> **Exercise objective**:
For the entries below, copy exactly the line that contains "コック平和的必需品極痩減肥黄金茶" through the line that contains "Luxury wedding car hire in Widnes", both ends included, and exclude all pictures.

> **Given data**:
------------------------------------

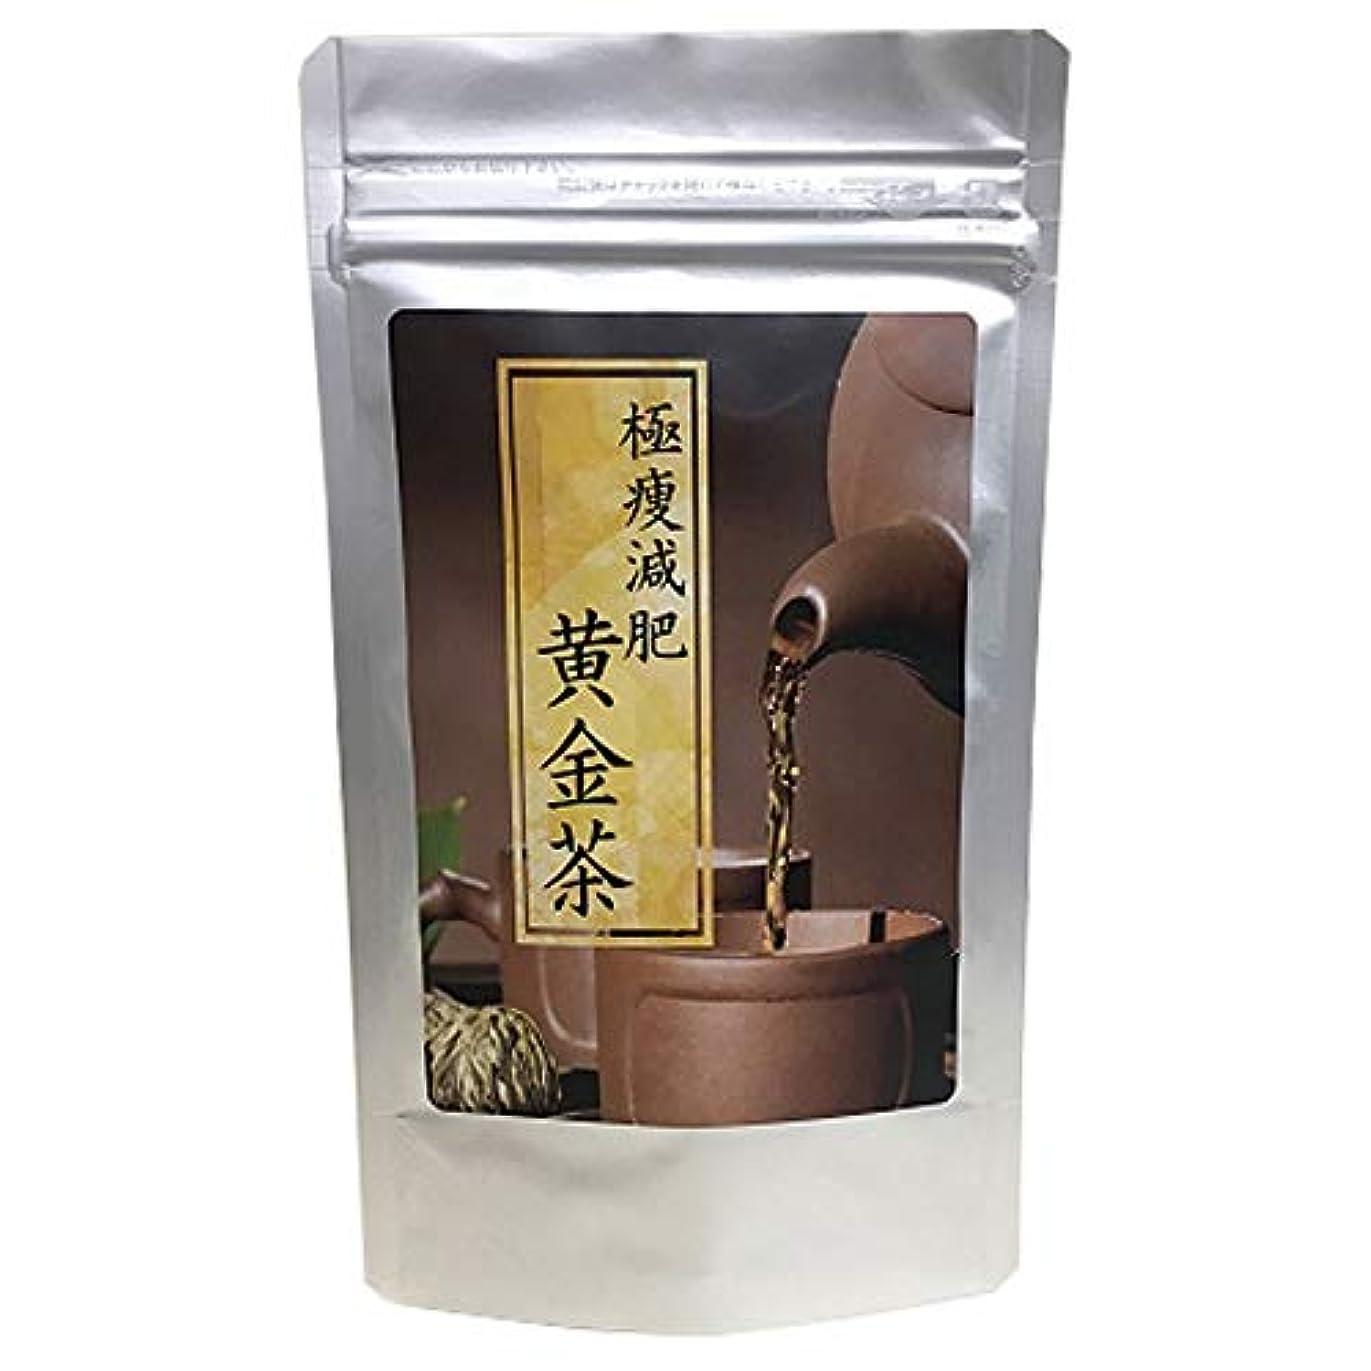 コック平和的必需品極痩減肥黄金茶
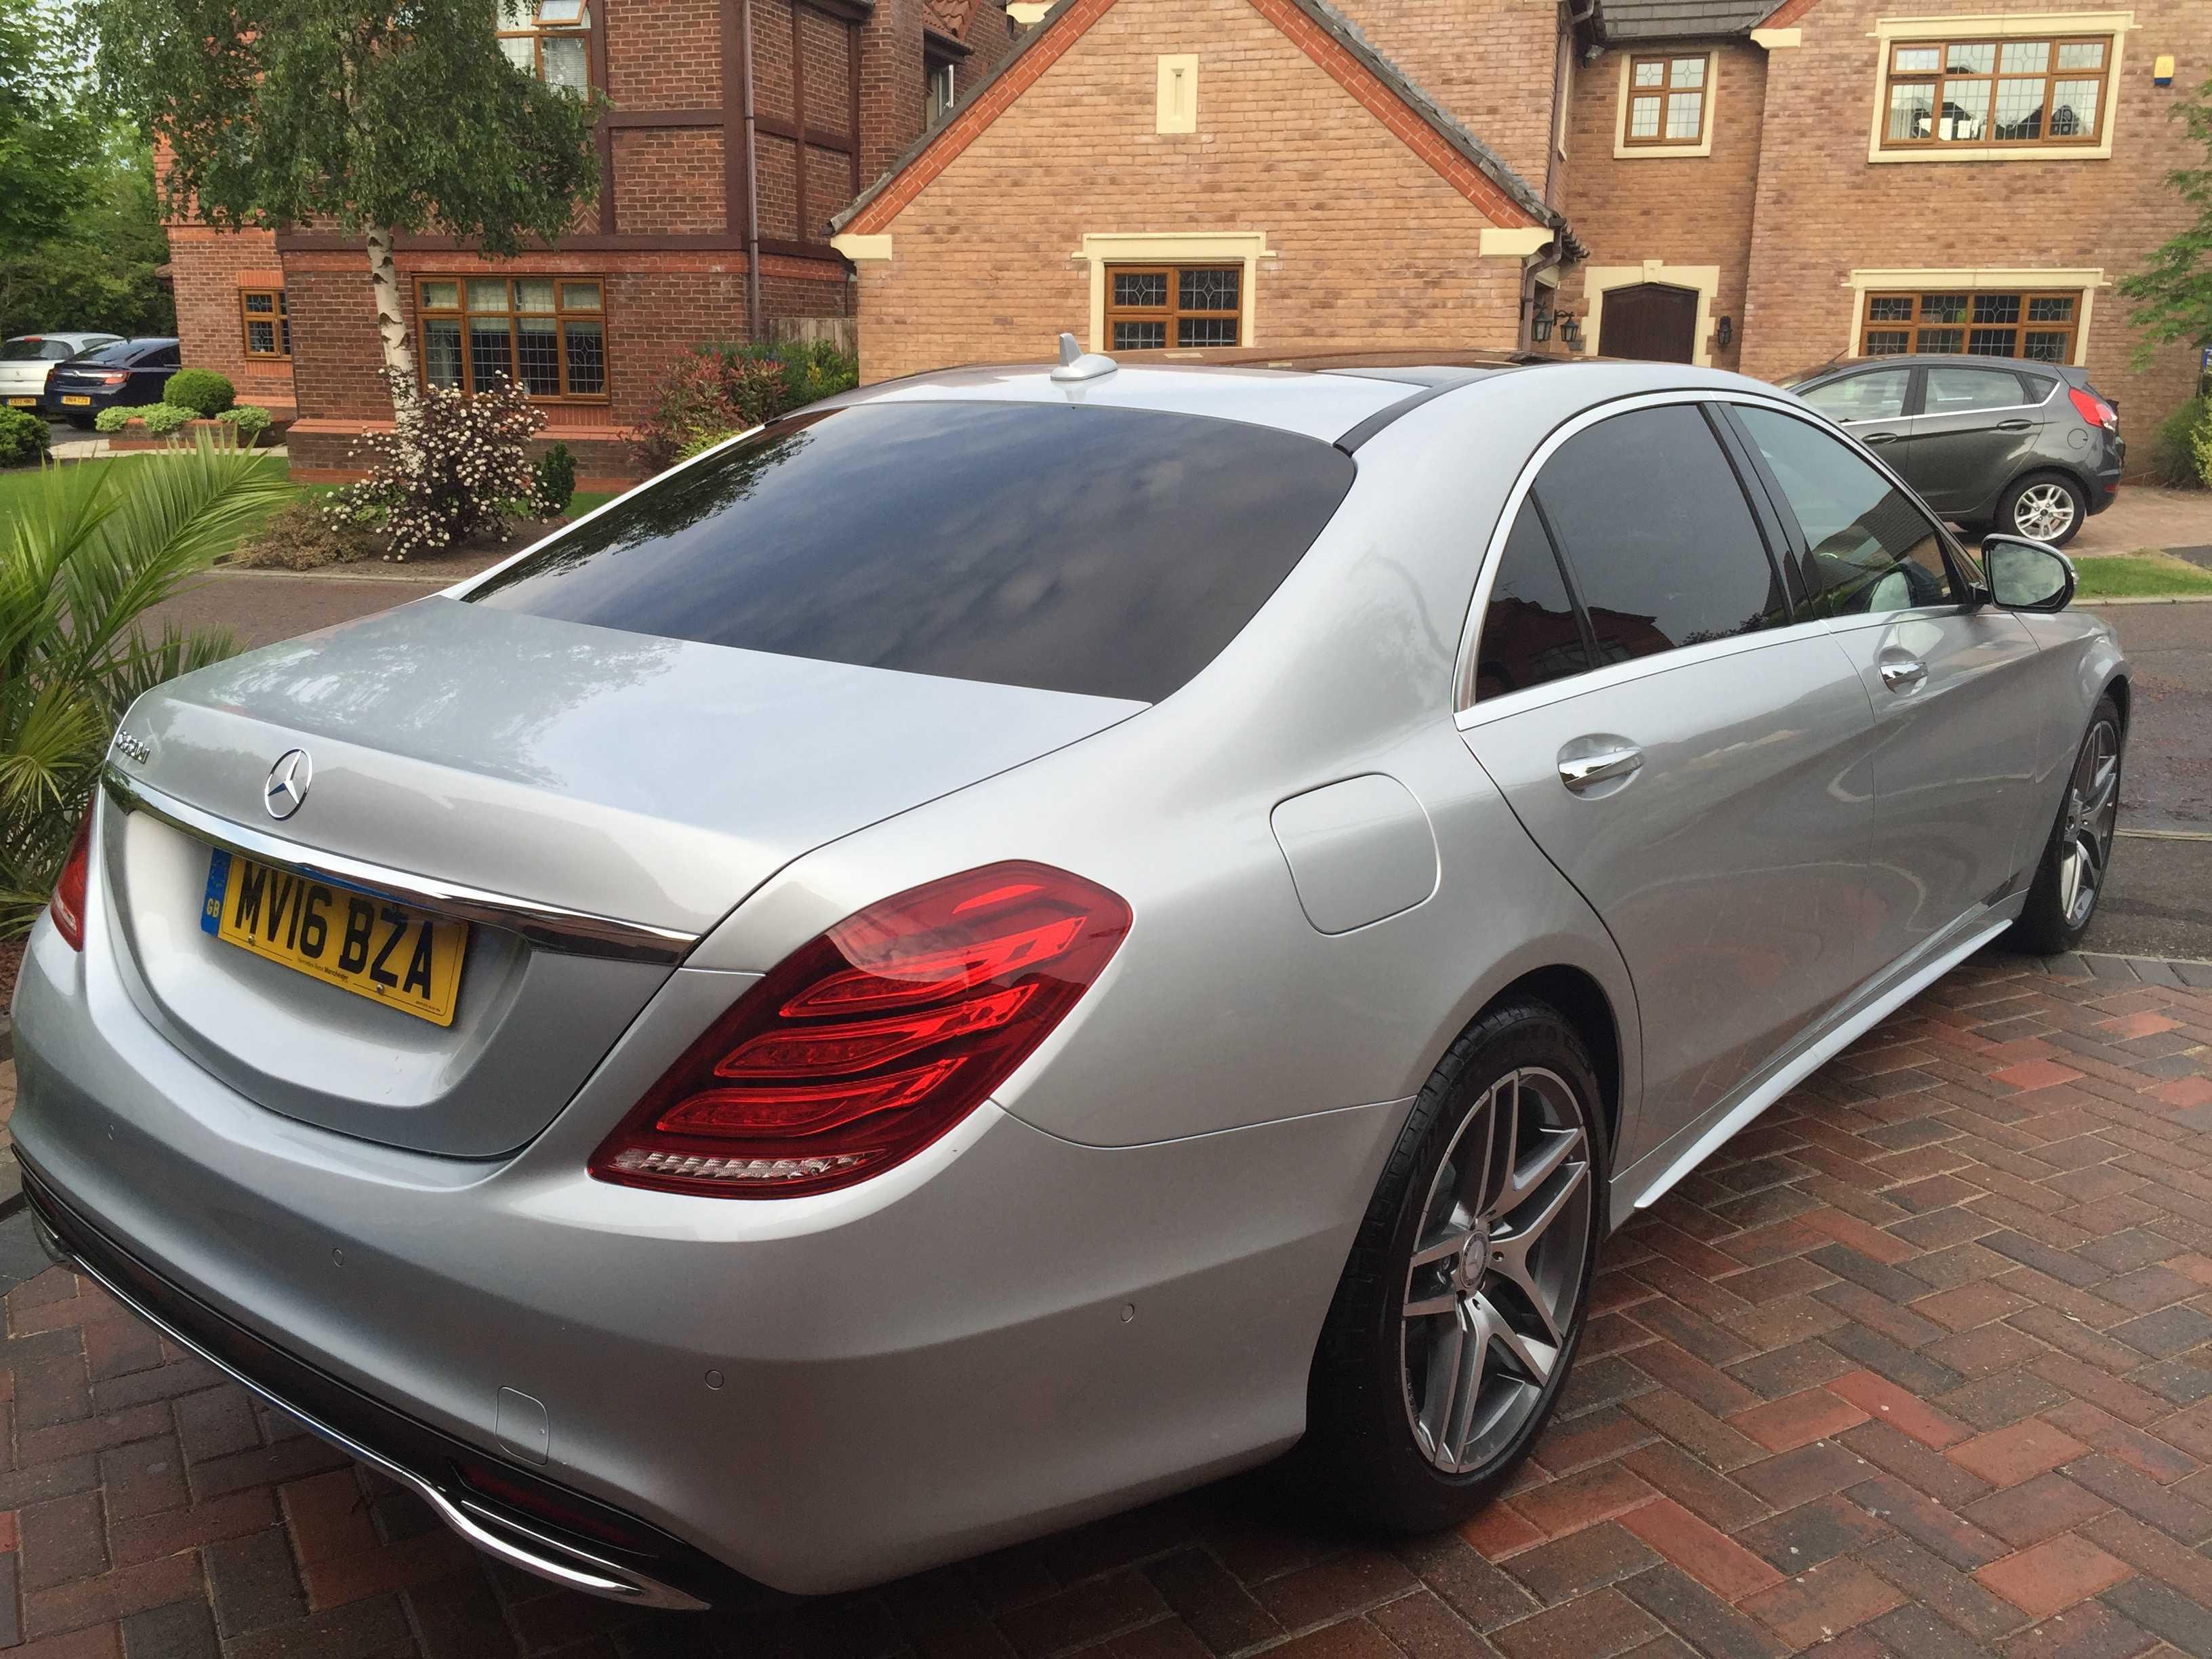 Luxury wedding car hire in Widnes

------------------------------------

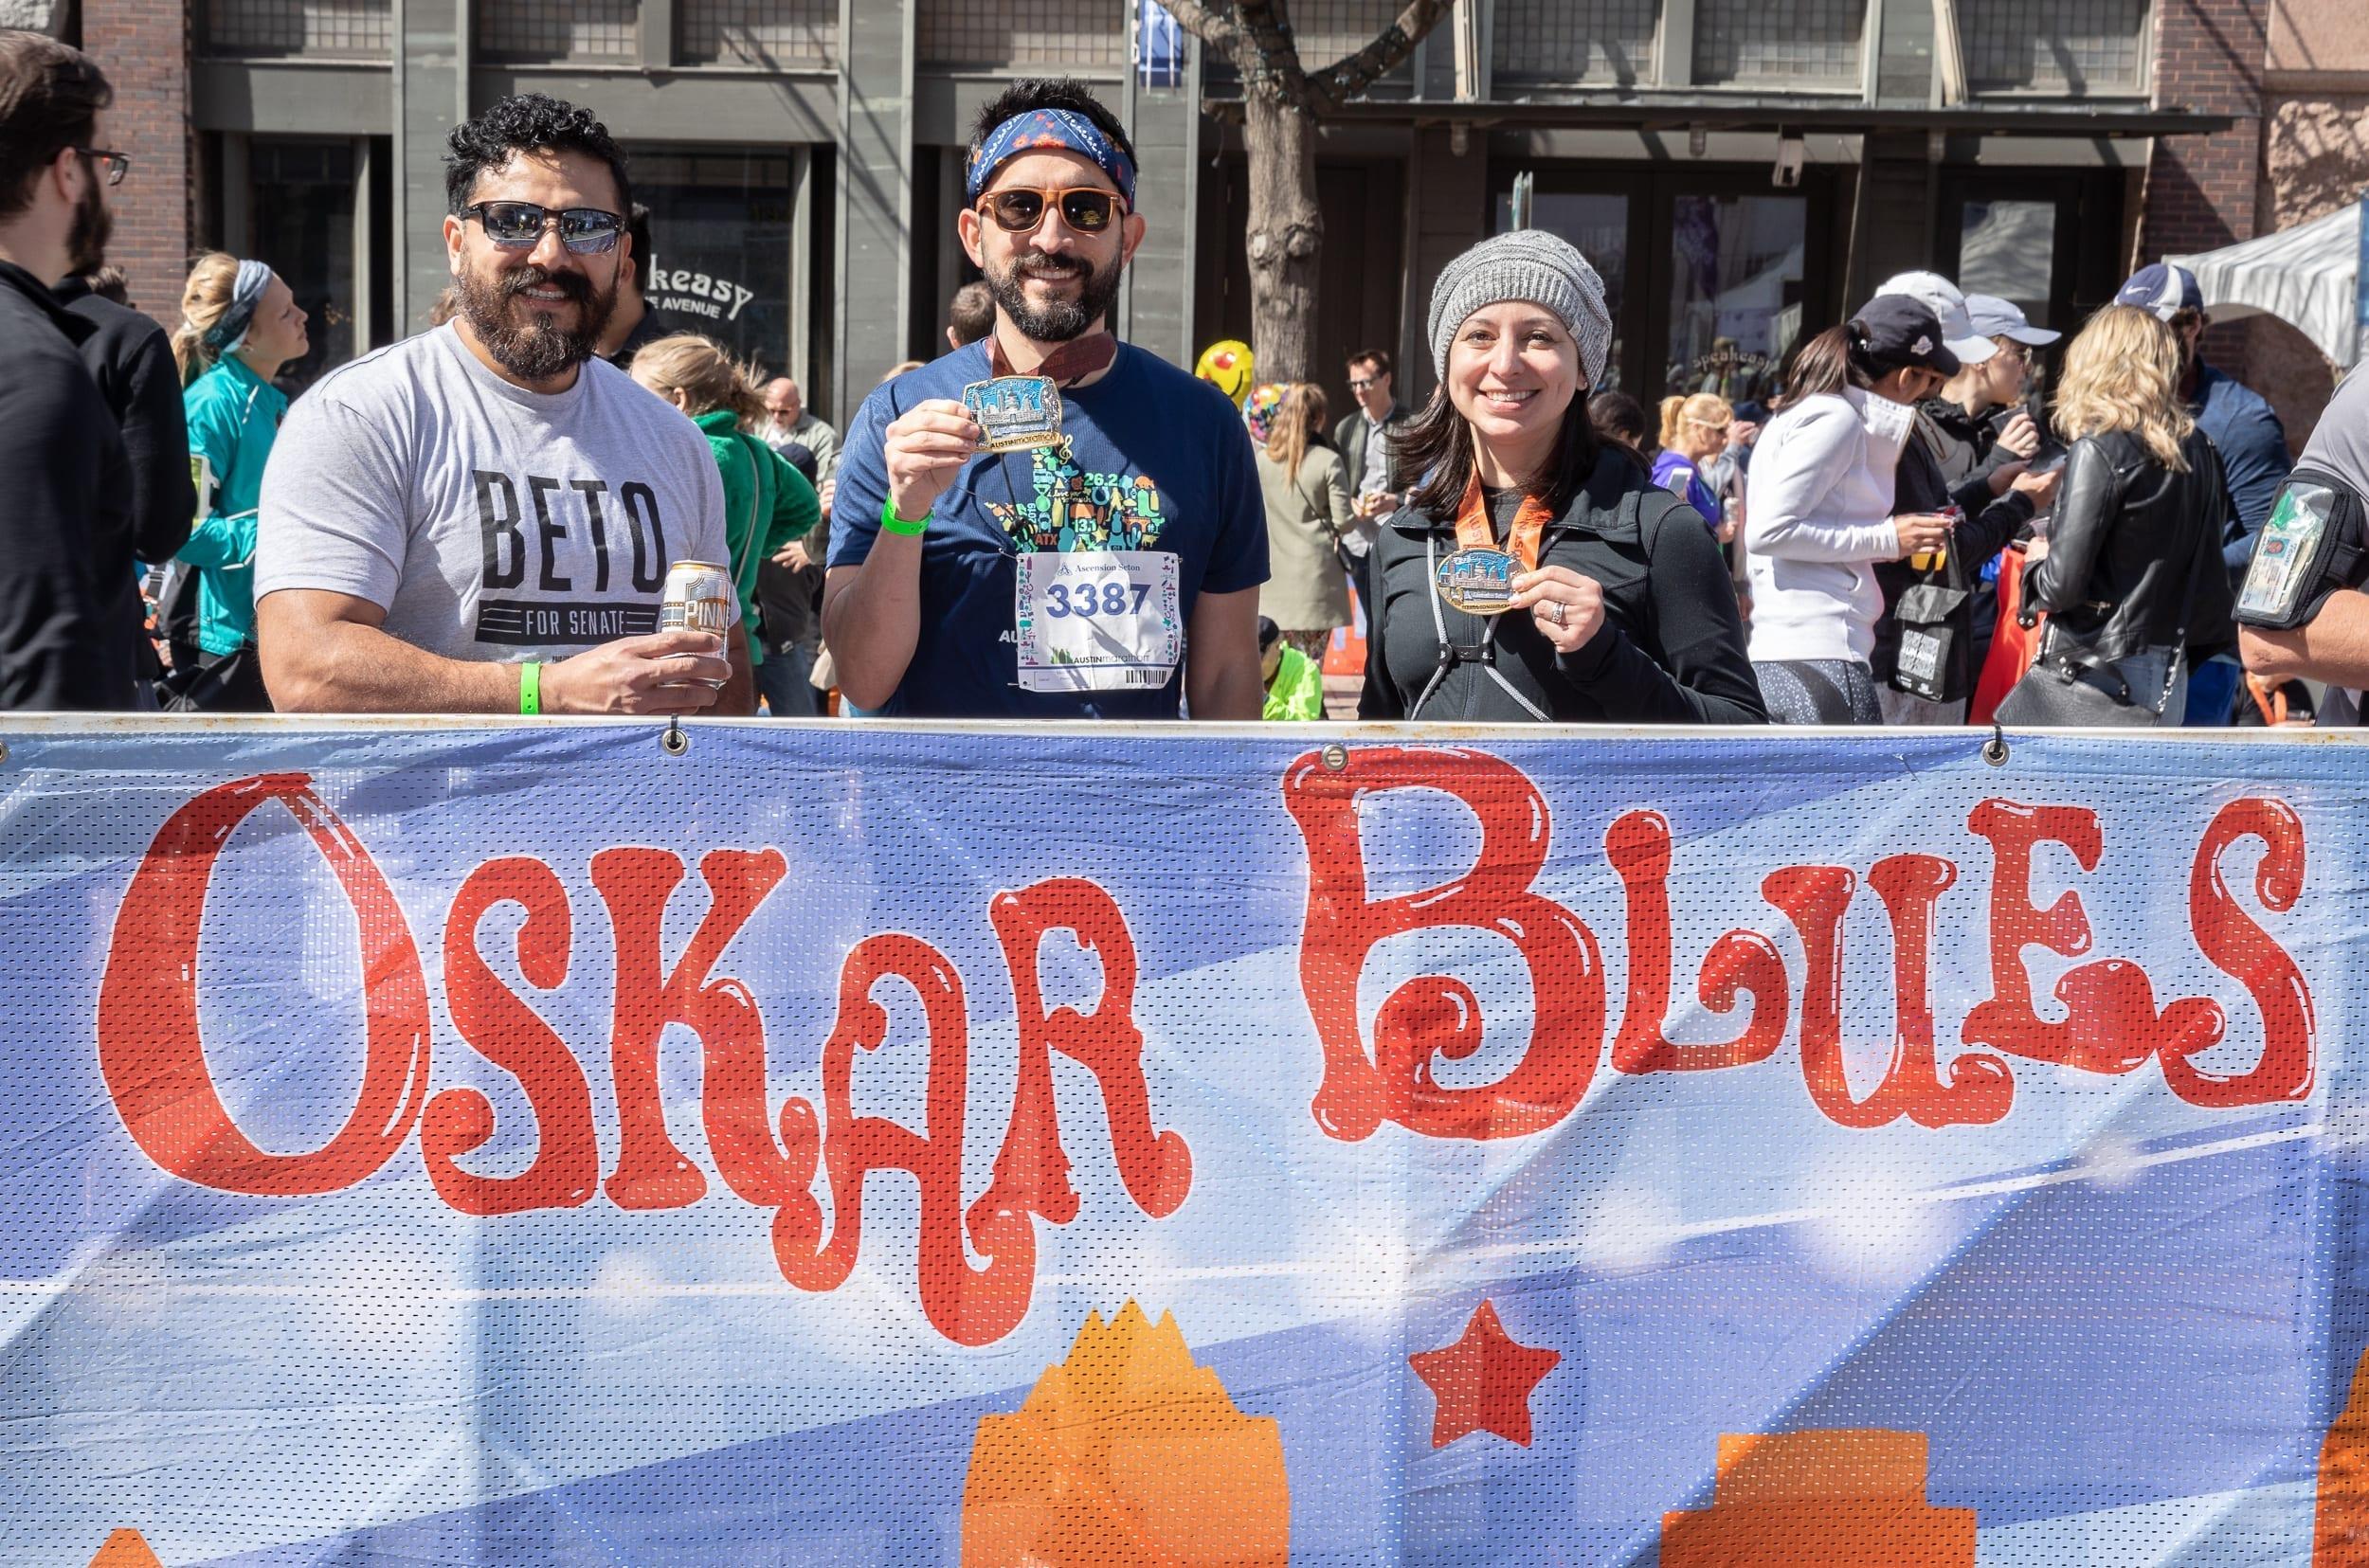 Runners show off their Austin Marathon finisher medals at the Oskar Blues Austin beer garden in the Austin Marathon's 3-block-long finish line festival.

------------------------------------

> **Your response**:
 コック平和的必需品極痩減肥黄金茶
 Luxury wedding car hire in Widnes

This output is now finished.